Она молчала, уткнувшись лицом ему в грудь.
— Ну что же ты? — допытывался Крутов. Теперь, когда самое главное и трудное сказано, ему хотелось говорить, говорить и слышать ее ответные слова. Ведь это не игра, когда один говорит другому «люблю». От того, насколько серьезно к этому отнесутся, зависит вся дальнейшая жизнь людей, вступающих в добровольный союз. Любят друг друга, и жизнь у них становится целеустремленной, содержательной, — такой, что и окружающим становится от этого теплее. — То, что я сказал, это всерьез, навсегда. Ты меня поняла, Иринка?
— Ну что — «Иринка, Иринка»? Что?..
— Скажи, а ты меня, вот такого, в серой шинели, с этими обмотками?.. Еще год — и я сброшу их навсегда. Ты мне веришь, станешь ждать?..
— Ах, я ничего-ничегошеньки не знаю. Папка говорит, что я совсем-совсем еще глупая девчонка. Наверное, это так и есть… — Она стиснула ему руку. — И потом он еще говорит, что, наверное, будет война…
— Что ты! О какой войне может быть речь? С Германией у нас договор, Англии не до нас…

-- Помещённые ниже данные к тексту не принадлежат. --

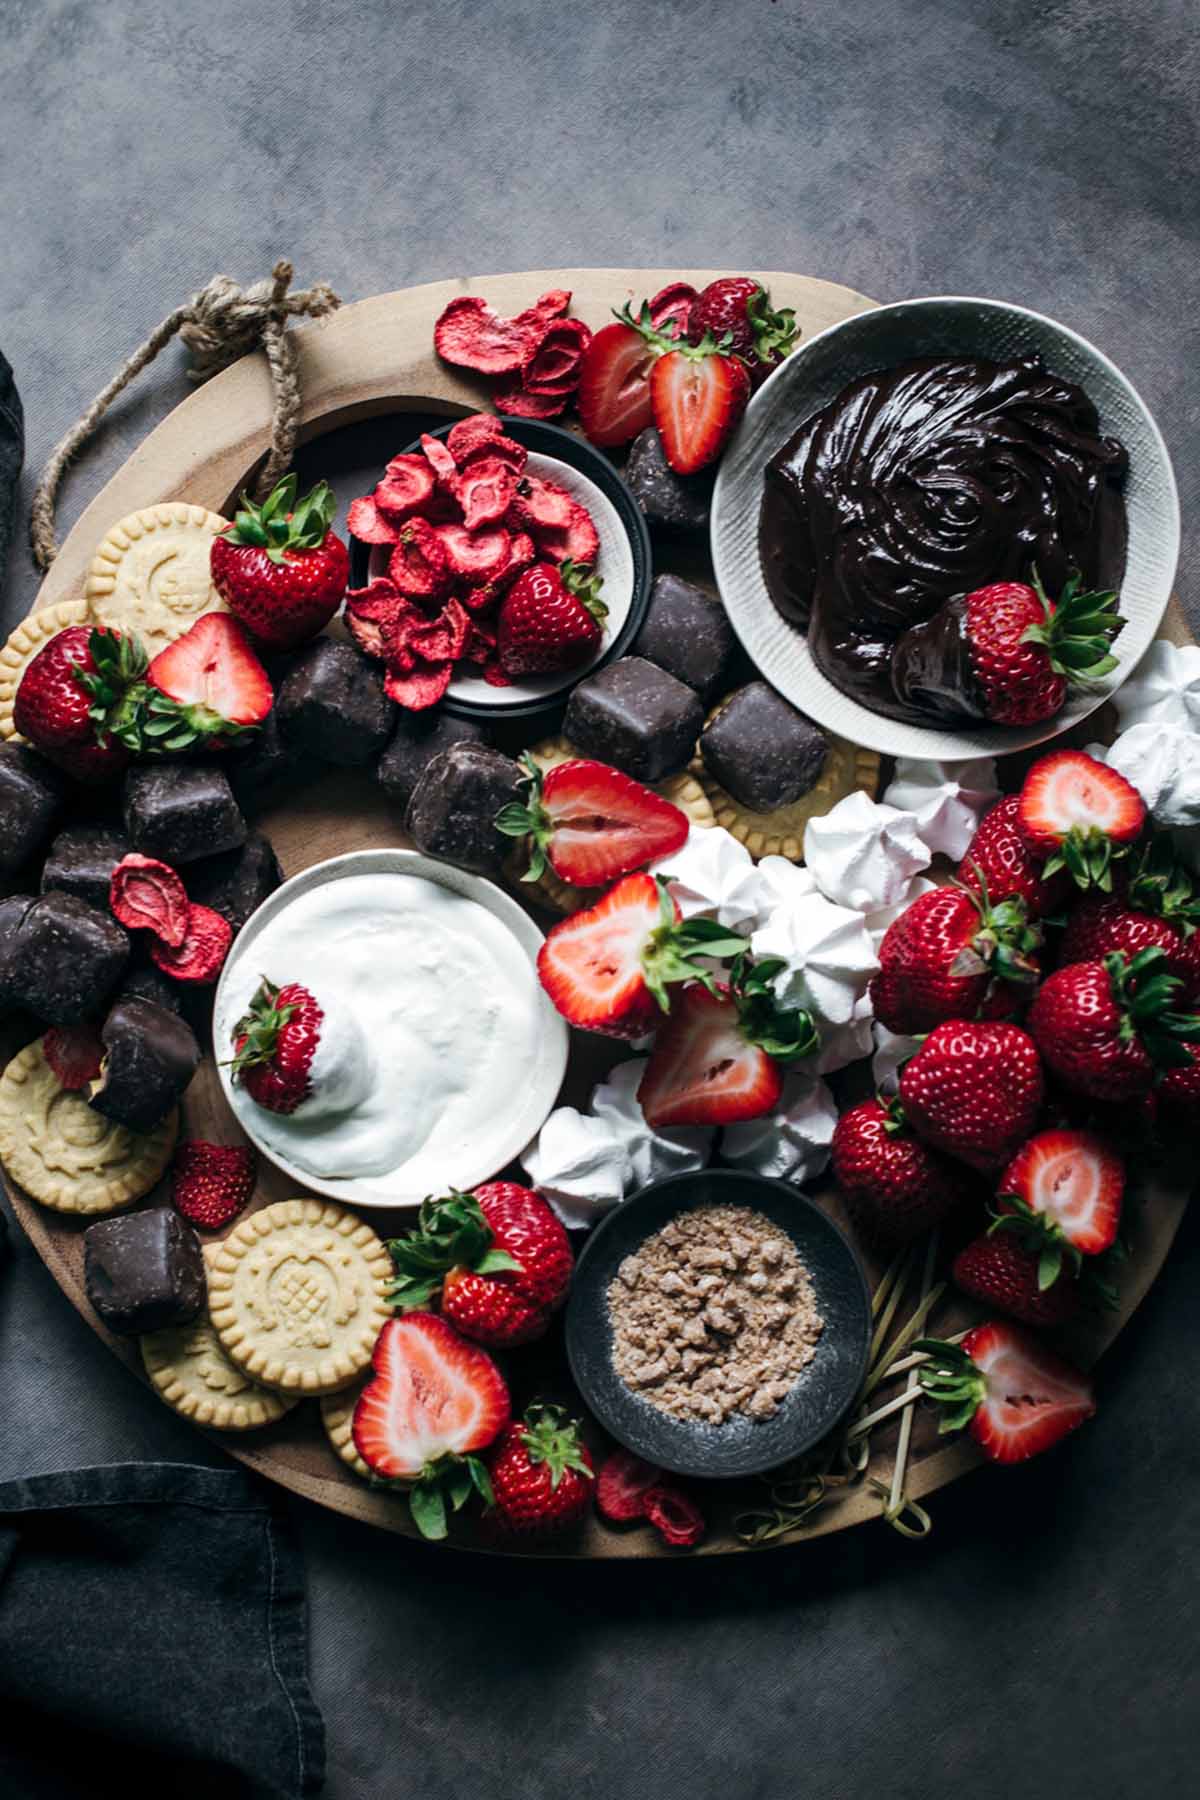 wooden cutting board layered with strawberries, chocolate, and cream.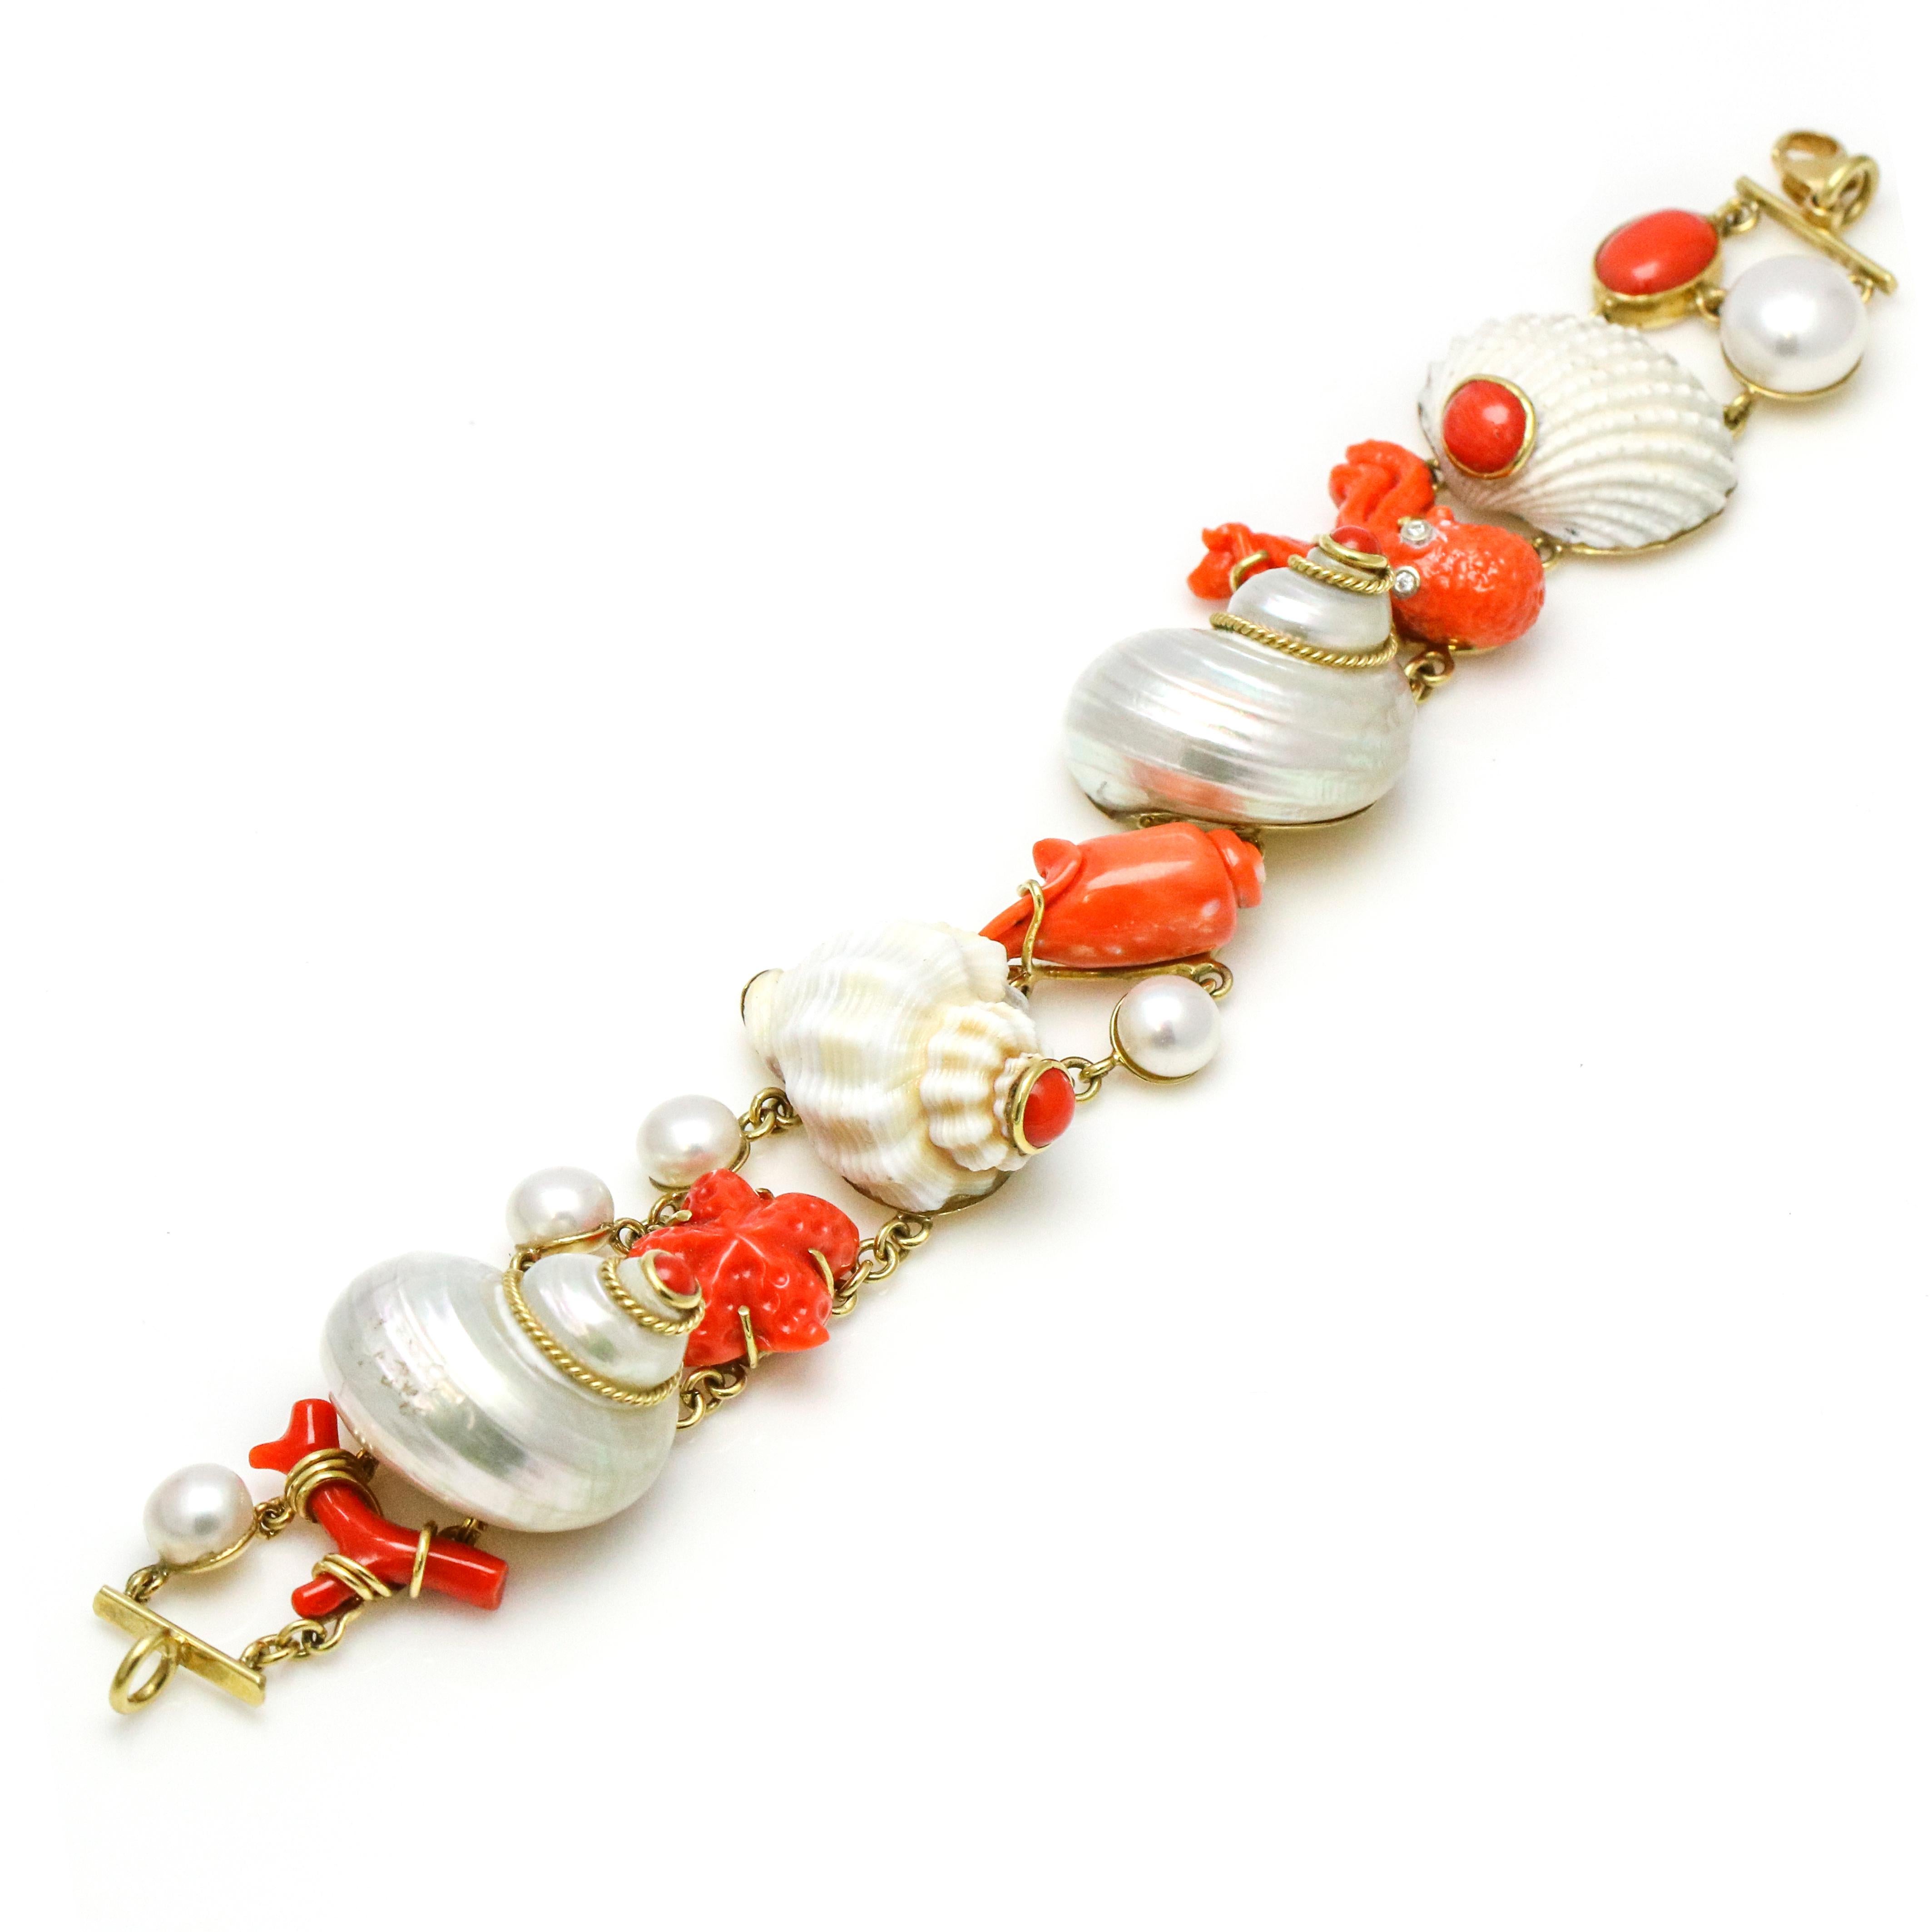 Mazza Company shell, coral, diamond and pearl sea life charm bracelet in 18k yellow gold from the Grotto collection. Size, medium. Lobster clasp.

Width, 25mm
Height, 21mm
Weight, 50.5 grams
Carat Weight, .05 carat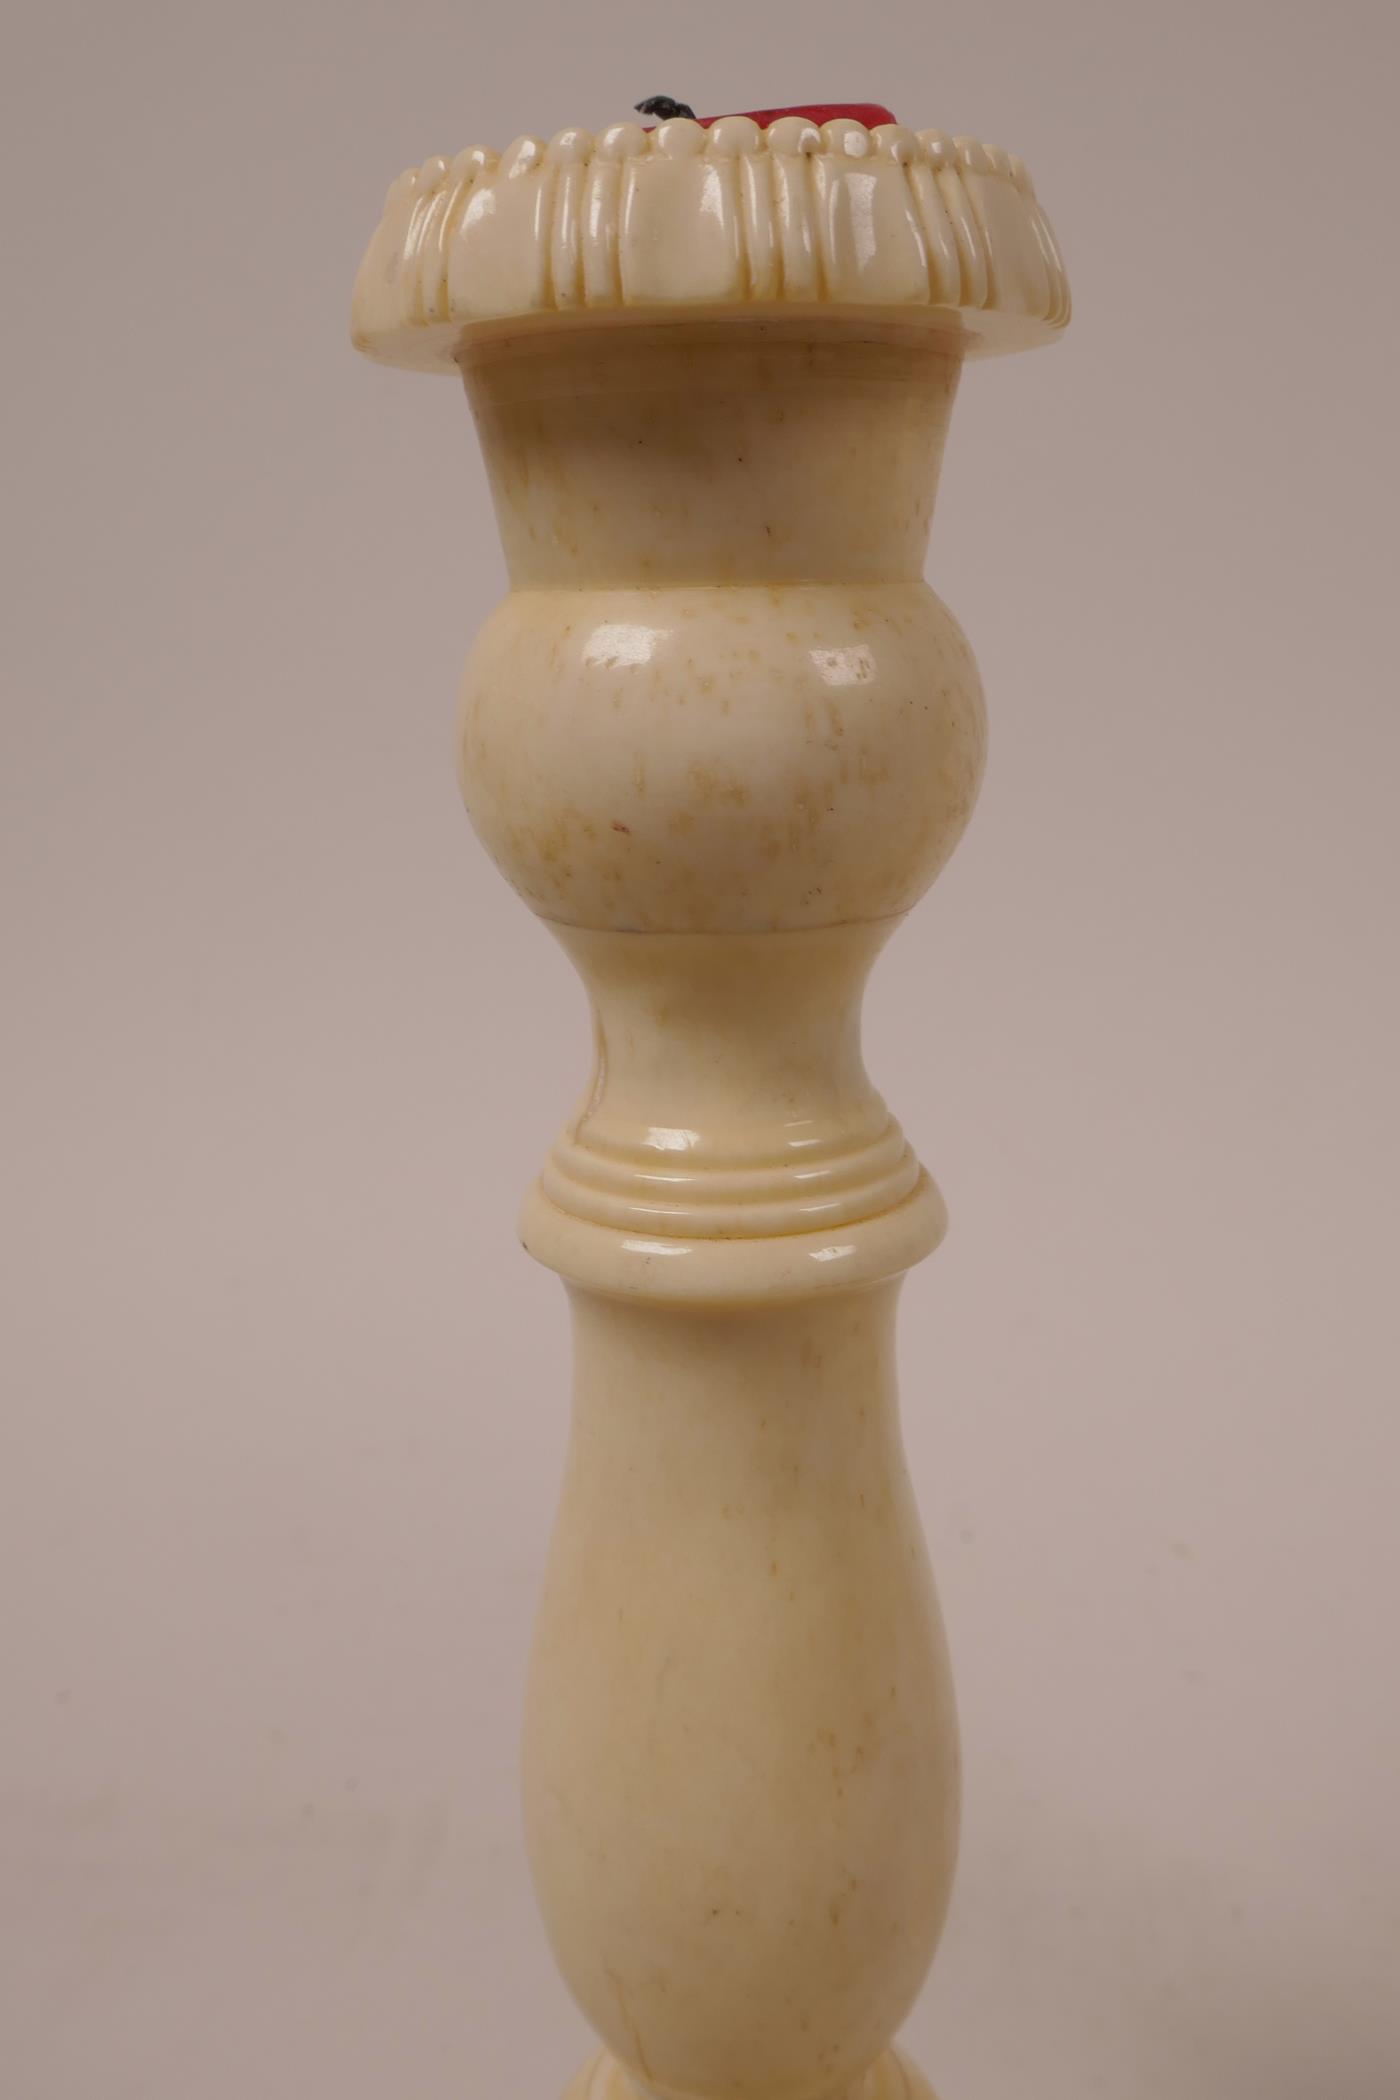 A pair of C19th bone candlesticks with turned columns, 8" high x 3" wide - Image 4 of 5

— Молчи. Я все равно ничего в этом не понимаю. У нас в школе недавно был лектор, он говорил то же самое, а папка этому не верит, и я не знаю, кого слушать. — Она вздохнула: — Наверное, очень плохо, когда не имеешь своего мнения? Да?
— Чтобы иметь свое мнение, надо много знать. А что мы знаем?.. Но какое это имеет для нас значение? Ты скажи…
— Погоди, — она схватила его за руку. — Ты слышишь, как поет счастье?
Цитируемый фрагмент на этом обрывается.